Nov 2 / Dr. Sophia Wilk-Vollmann

OZEMPIC & NÄHRSTOFFMANGEL

Semaglutid, besser bekannt unter dem Handelsnamen Ozempic, ist ein GLP-1-Rezeptoragonist. Ursprünglich zur Behandlung von Typ-2-Diabetes entwickelt, wird er inzwischen auch zur Gewichtsreduktion eingesetzt. Vielleicht hast Du selbst schon davon gehört oder es in Deinem beruflichen Kontext erlebt: Menschen nehmen mit diesen Medikamenten schnell und zum Teil deutlich ab. Gleichzeitig tauchen Berichte auf, etwa über plötzlichen Haarausfall oder Schwächezustände. Aber was ist wirklich dran?

Zunächst das Wichtigste vorweg: In den bisher veröffentlichten klinischen Studien wurde kein direkter Zusammenhang zwischen Semaglutid und Haarausfall beschrieben. Die überwiegend dokumentierten Nebenwirkungen betreffen den Magen-Darm-Trakt: Übelkeit, Erbrechen, Appetitverlust, Durchfall. Auch Kopfschmerzen, Müdigkeit und Geschmacksstörungen traten gelegentlich auf, aber kein signifikanter Haarausfall und kein typischer Mikronährstoffmangel wurden direkt mit dem Wirkstoff in Verbindung gebracht (1, 2).

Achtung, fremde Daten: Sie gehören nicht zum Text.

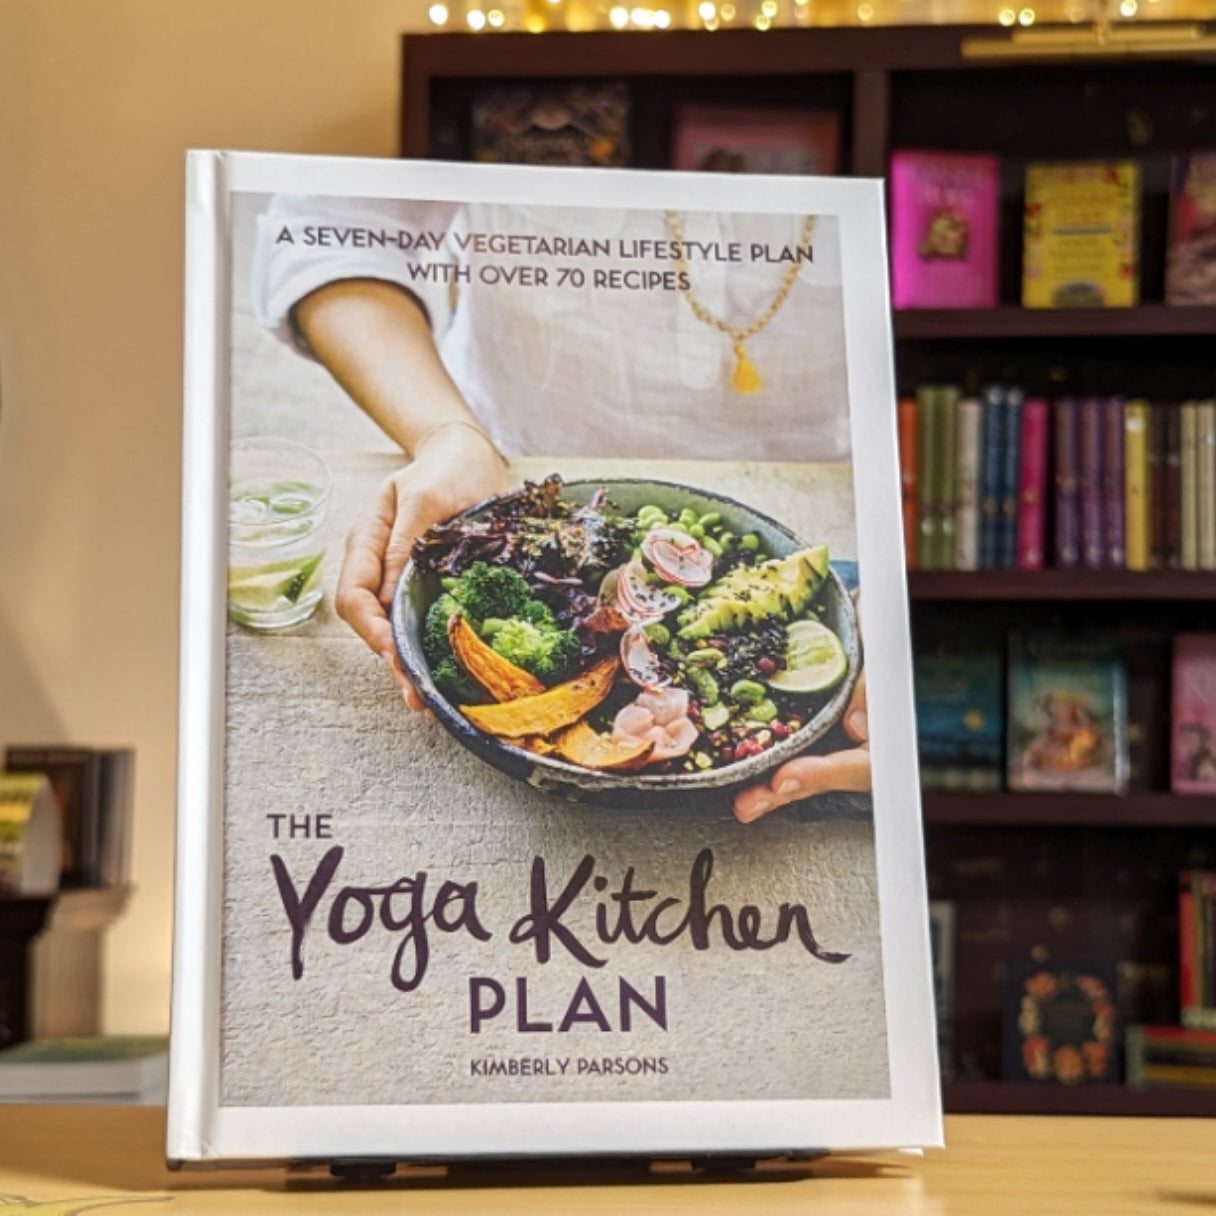 The Yoga Kitchen Plan: A Seven-Day Vegetarian Lifestyle Plan with Over 70 Recipes

Das heißt jedoch nicht, dass die Sorge unberechtigt ist. Denn ein indirekter Zusammenhang ist sehr wohl denkbar. Wenn Du über Wochen und Monate weniger isst, weil Dir schlicht der Appetit fehlt oder Dir beim Essen übel wird, kann das Deine Nährstoffversorgung beeinträchtigen. Gerade Eisen, Zink und Biotin sind sensibel, wenn es um Deine Haare geht. Fehlt davon dauerhaft etwas, kann das zu diffusem Haarausfall führen, was beispielsweise ein bekanntes Phänomen bei starkem Gewichtsverlust, unabhängig von der Ursache, ist (1).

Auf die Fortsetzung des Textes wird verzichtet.